[[ RAW DATA open ]]
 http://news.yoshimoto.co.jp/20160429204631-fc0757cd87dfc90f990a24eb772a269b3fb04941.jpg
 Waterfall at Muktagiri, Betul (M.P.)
[[ RAW DATA closed ]]
[[ RAW DATA open ]]
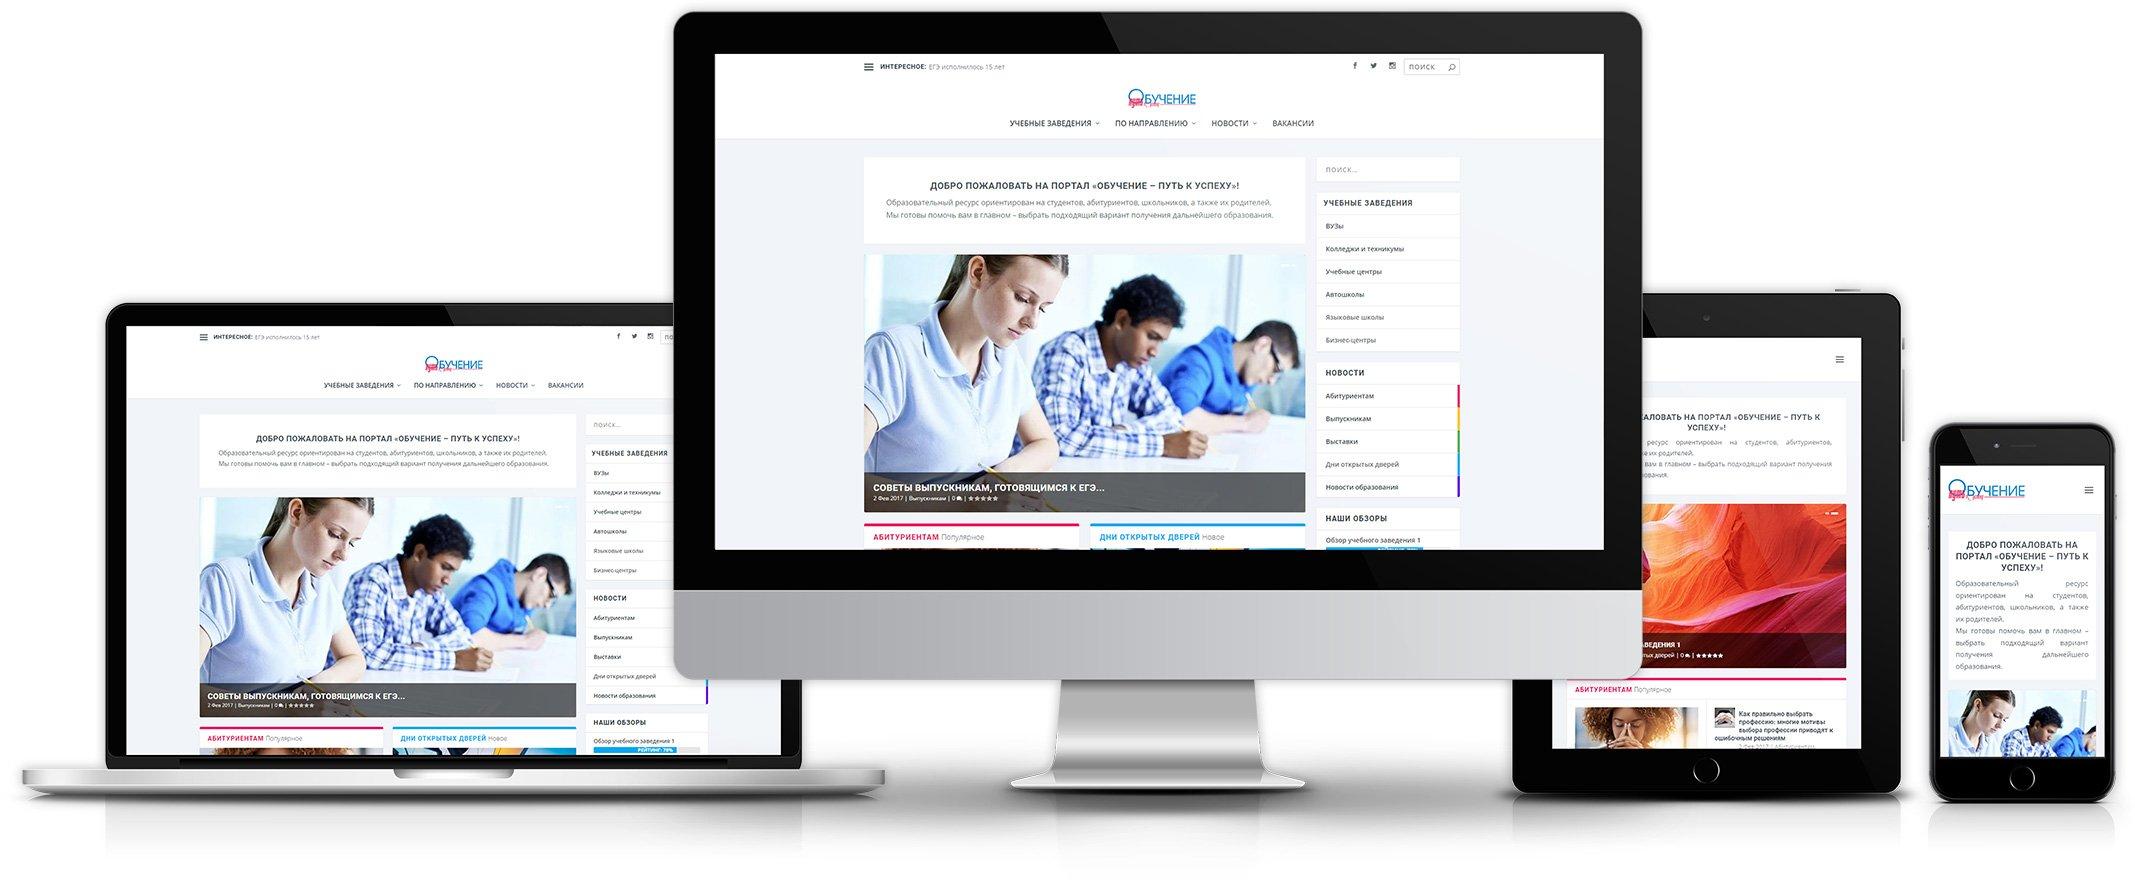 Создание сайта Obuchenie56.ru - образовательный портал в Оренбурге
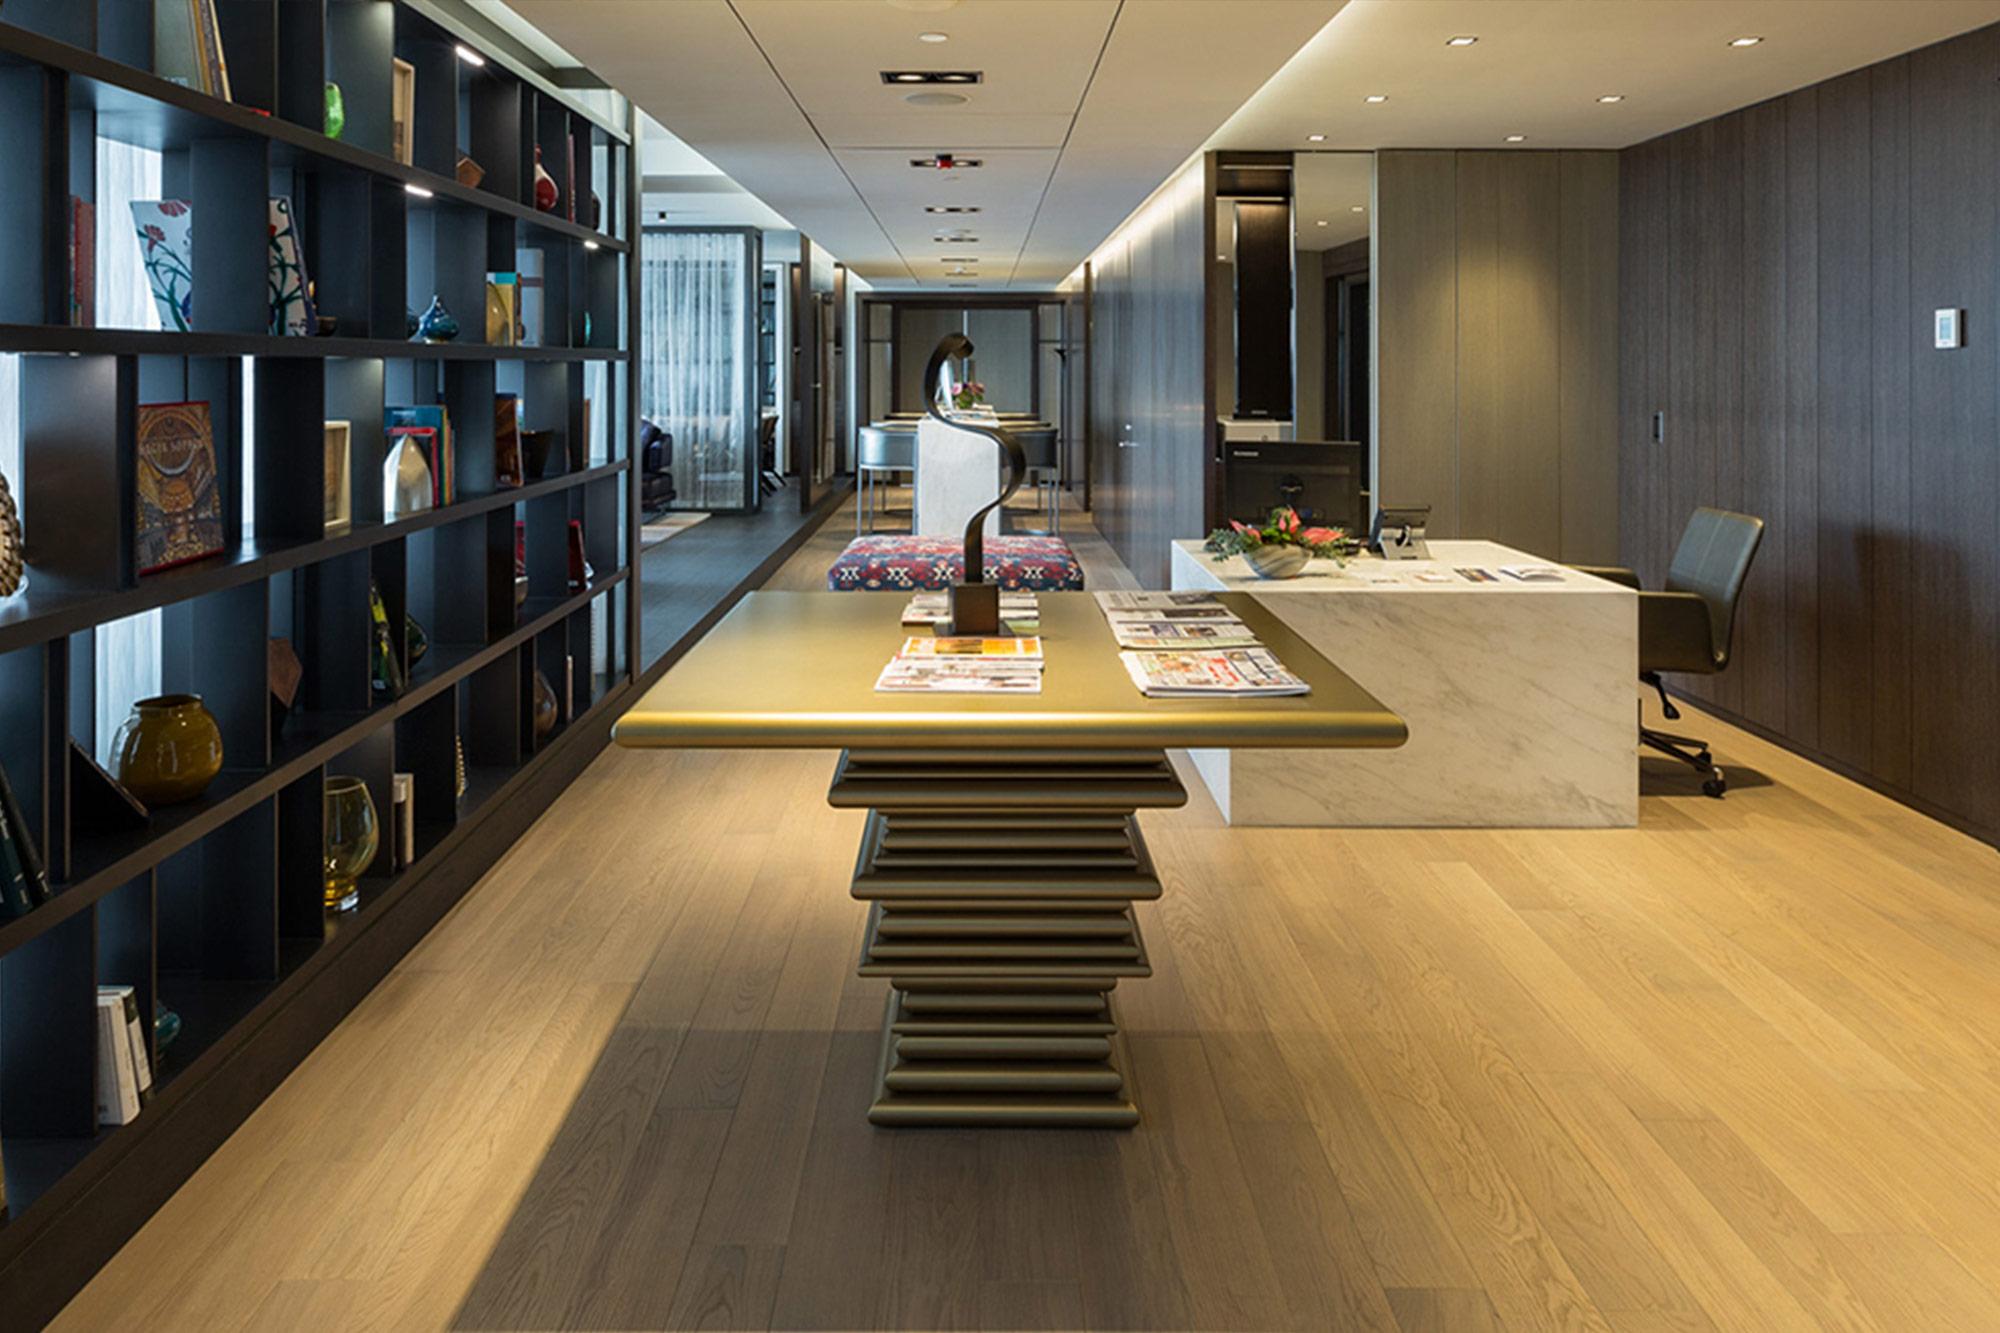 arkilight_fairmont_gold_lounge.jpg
[[ RAW DATA closed ]]
● **WORK ITEM**
Quote word for word only the lines above from the one containing "Создание сайта Obuchenie56.ru" through the one containing "arkilight_fairmont_gold_lounge.jpg". Pictures stay out of your copy.

● **ANSWER TO THIS TASK**
 Создание сайта Obuchenie56.ru - образовательный портал в Оренбурге
 arkilight_fairmont_gold_lounge.jpg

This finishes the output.